3.9 KiB
Learning Representations
Linear Classifiers and Limitations
A Linear Classifier can be defined as an hyperplane with the following:
\sum_{i=1}^{N} w_{i}x_{i} + b = 0
So, for each point in the hyperspace the output is
o = sign \left( \sum_{i=1}^{N} w_{i}x_{i} + b \right)
This quickly gives us a separation of points in 2 classes. However
is it always possible to linearly separate P points in N dimensions?
According to Cover's Theorem "The probability that a dichotomy over P
points in N dimensions is linearly separable goes to zero as P gets
larger than $N$"1
Ideas to extract features generically
Polynomial Classifier2
We could try to extract features by combining all features in inputs, however this scales poorly in higher dimensions.
Let's say that we choose a degree d and the number of dimensions of
point \vec{x} are N, we would have N^d computations to do.
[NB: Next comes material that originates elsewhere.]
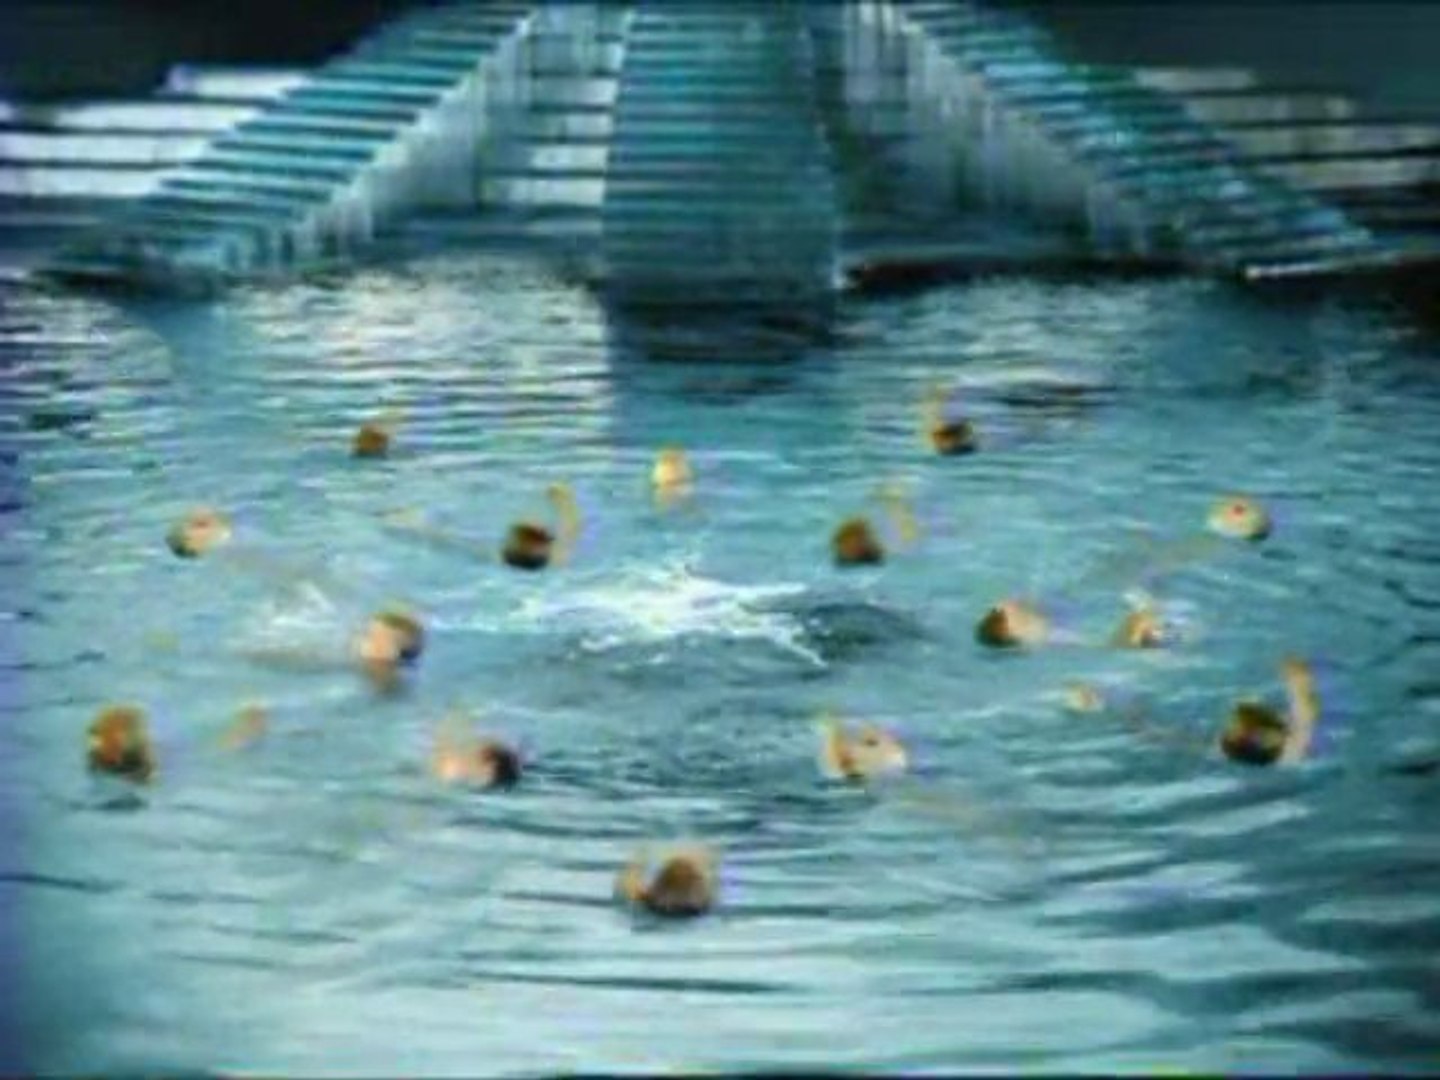 Publicite Evian Natation Synchro Avec Les Bebes Bye Bye Baby 01 Video Dailymotion

However most of the times we will have d = 2, so as long as we don't
exagerate with d it is still feasible
Space Tiling
It is a family of functions to preserve as much info as possible in images while reducing their dimension.
Random Projections
It consists on lowering dimensionality of data by using a random chosen matrix. The idea is that points that are in a high dimensional space may be projected into a low dimensional spaces preserving their most of their distance
Radial Basis Functions3
This is a method that employs a family of functions that operate over distance of the input over a fixed point.
Caution
They may take a point (or vector) as their input, but they'll compute a distance, usually the euclidean one, and then use it for the final computation
Kernel Machines4
They are algorithms in machine learning that make use of a kernel function which makes computation on higher dimensions possible without actually computing higher coordinates for our points.
Deep vs Shallow Networks
While it is theoretically possible to have only shallow-networks as
universal predictors,
this is not technically possible as it would require more hardware.
Instead deep-networks trade time for space, taking longer, but requiring less hardware.
Usually, for just boolean function we have a complexity of O(n^2) for shallow
networks, making it scale exponentially.
Note
Mainly the hardware we are talking about is both Compute Units (we don't care id they come from CPU, GPU or NPU. You name it) and Memory.
Invariant Feature Learning
When we need to learn something that may have varying features (backgrounds, colors, shapes, etc...), it is useful to do these steps:
- Embed data into high-dimensional spaces
- Bring closer data that are similar and reduce-dimensions
Sparse Non-Linear Expansion
In this case, we break our datas, and then we aggreate things together
Manifold Hypothesis
We can assume that whatever we are trying to represent doesn't need that much features but rather is a point of a latent space with a lower count of dimensions.
Thus, our goal is to find this low dimensional latent-space and disentangle features, so that each
direction of our latent-space is a feature. Essentially, what we want to achieve with Deep-Learning is
a system capable of learning this latent-space on its own.